Конечно, Столыпин по своему менталитету, по идеям, по воспитанию был человеком западным. Идеальным типом государства для него являлась Германия. Этот западнический подход (хотя сам Столыпин был при этом человеком православным), он и пытался воплотить в своих реформах. И, в общем, эти реформы в значительной степени и катализировали то, что в итоге у нас получило название «революции».

Именно предпринятое им разрушение общинного мира, тех начал, на которых исторически всегда выстраивалась российская цивилизация, и подтолкнуло массы к революции, вызвало у них ощущение торжествующей несправедливости.

— Что воспринималось как «торжествующая несправедливость»? Что в реформах Столыпина создавало наибольшее социальное напряжение?

— Проблема, прежде всего, в разрушении общинного мира. Столыпин, вероятно, не отдавал себе отчета в том, что это не просто экономические решения, что они затрагивают фундаментальные основания нашей цивилизации.

Ведь если для западной культуры человек — это индивидуум, буквально атом, то для русской культуры человек становится человеком только в связке с другими людьми. Для православного мира человек — это собрат во Христе, в советском — уже в более поздней версии — человек — это социальное существо, личность, реализуемая только в коллективе. И этому соответствовало и социальное устройство в виде общины с ее обостренным представление о социальной справедливости. Не только община, но и промышленная артель — ведь она тоже была устроена по общинному принципу, и в великом строительстве железнодорожных магистралей в конце XIX  века роль артельного была очень велика.

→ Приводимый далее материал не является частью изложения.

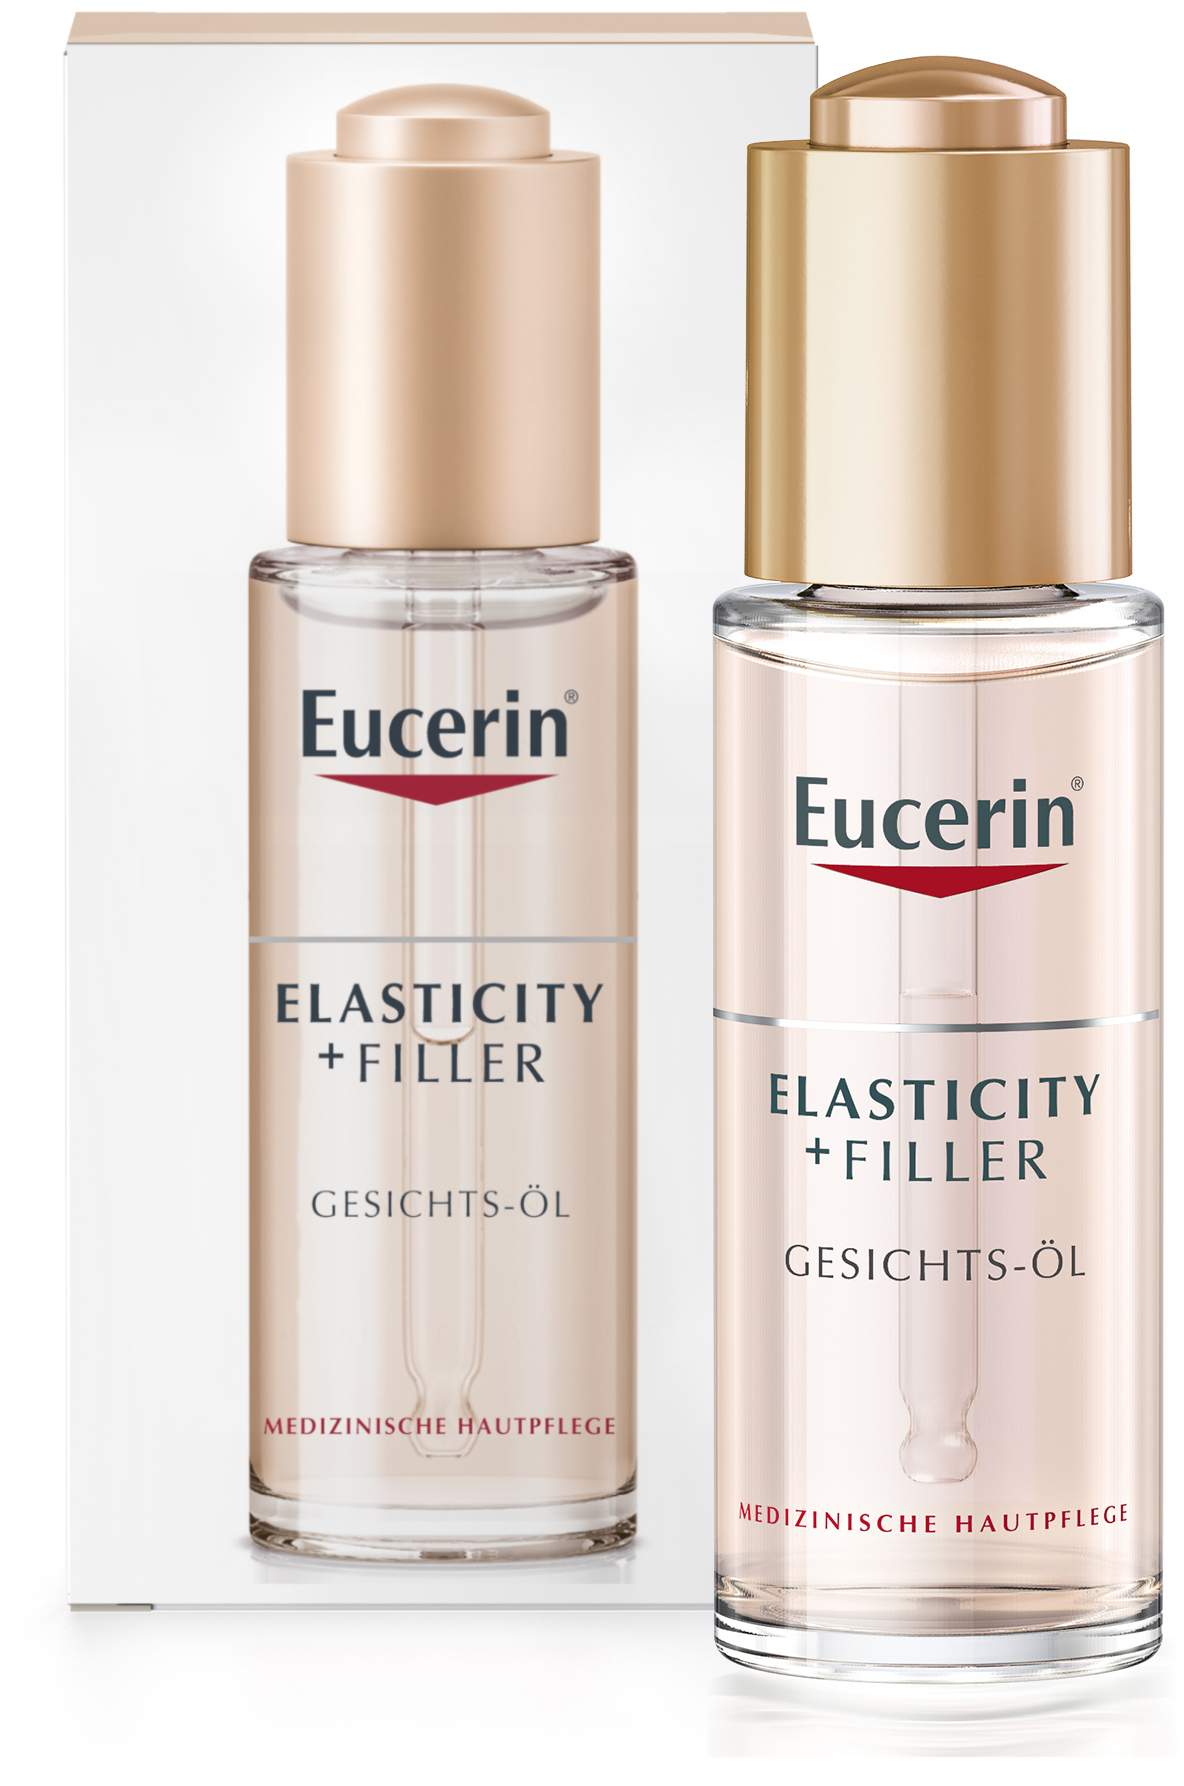 Eucerin Anti Age Elasticity + Filler Gesichtsöl 30 ml..

Столыпин не понимал, по-видимому, эту природу — общинную, русскую — и он по этой природе нанес мощный удар. И ответная реакция на его  реформы состояла как раз в поиске новых коллективистских форм. Пусть они уже назывались иначе — не община, а советами, колхозами и так далее. И это определило в конечном итоге то, что оказались популярны именно большевики…. На мой взгляд, это был исторический ответ на вызов, представленный реформами Столыпина.

«РОССИЯ КАК ALTER EGO ЗАПАДА»

— Чем вам там не угодил класс крепких, свободных собственников, который хотел создать Столыпин? Ведь это основа гражданского общества.

— Дело не во мне. Существует распространяемое по сей день представление, что развитие возможно только на основе конкуренции, только на основе рынка, что экономический мотив — главный, от него производно все остальное.

Так же рассуждал и Столыпин. Он говорил: ну, давайте создадим класс свободных собственников, и они, поскольку у них будет собственнический интерес, будут и Родину защищать, и обеспечивать ее развитие. Это было рассуждение контекстное теории разумного эгоизма, модели человека «homo economicus». Но это только одно представление и одна парадигма развития.

Есть и другая парадигма развития. Россия – не Запад. Российский человек, в отличие от западного, часто выбирает другие ориентиры, которые оказываются для него более важными, чем ориентиры прибыли и экономического достатка. Для системы основанной на этом типе человека основой развития являются, конечно, не деньги и не собственность. Основой развития является труд. Труд может быть мотивирован экономически, но он может быть мотивирован и иначе. И поэтому для России модель, основанная на приоритетности частной собственности, с моей точки зрения, не работоспособна.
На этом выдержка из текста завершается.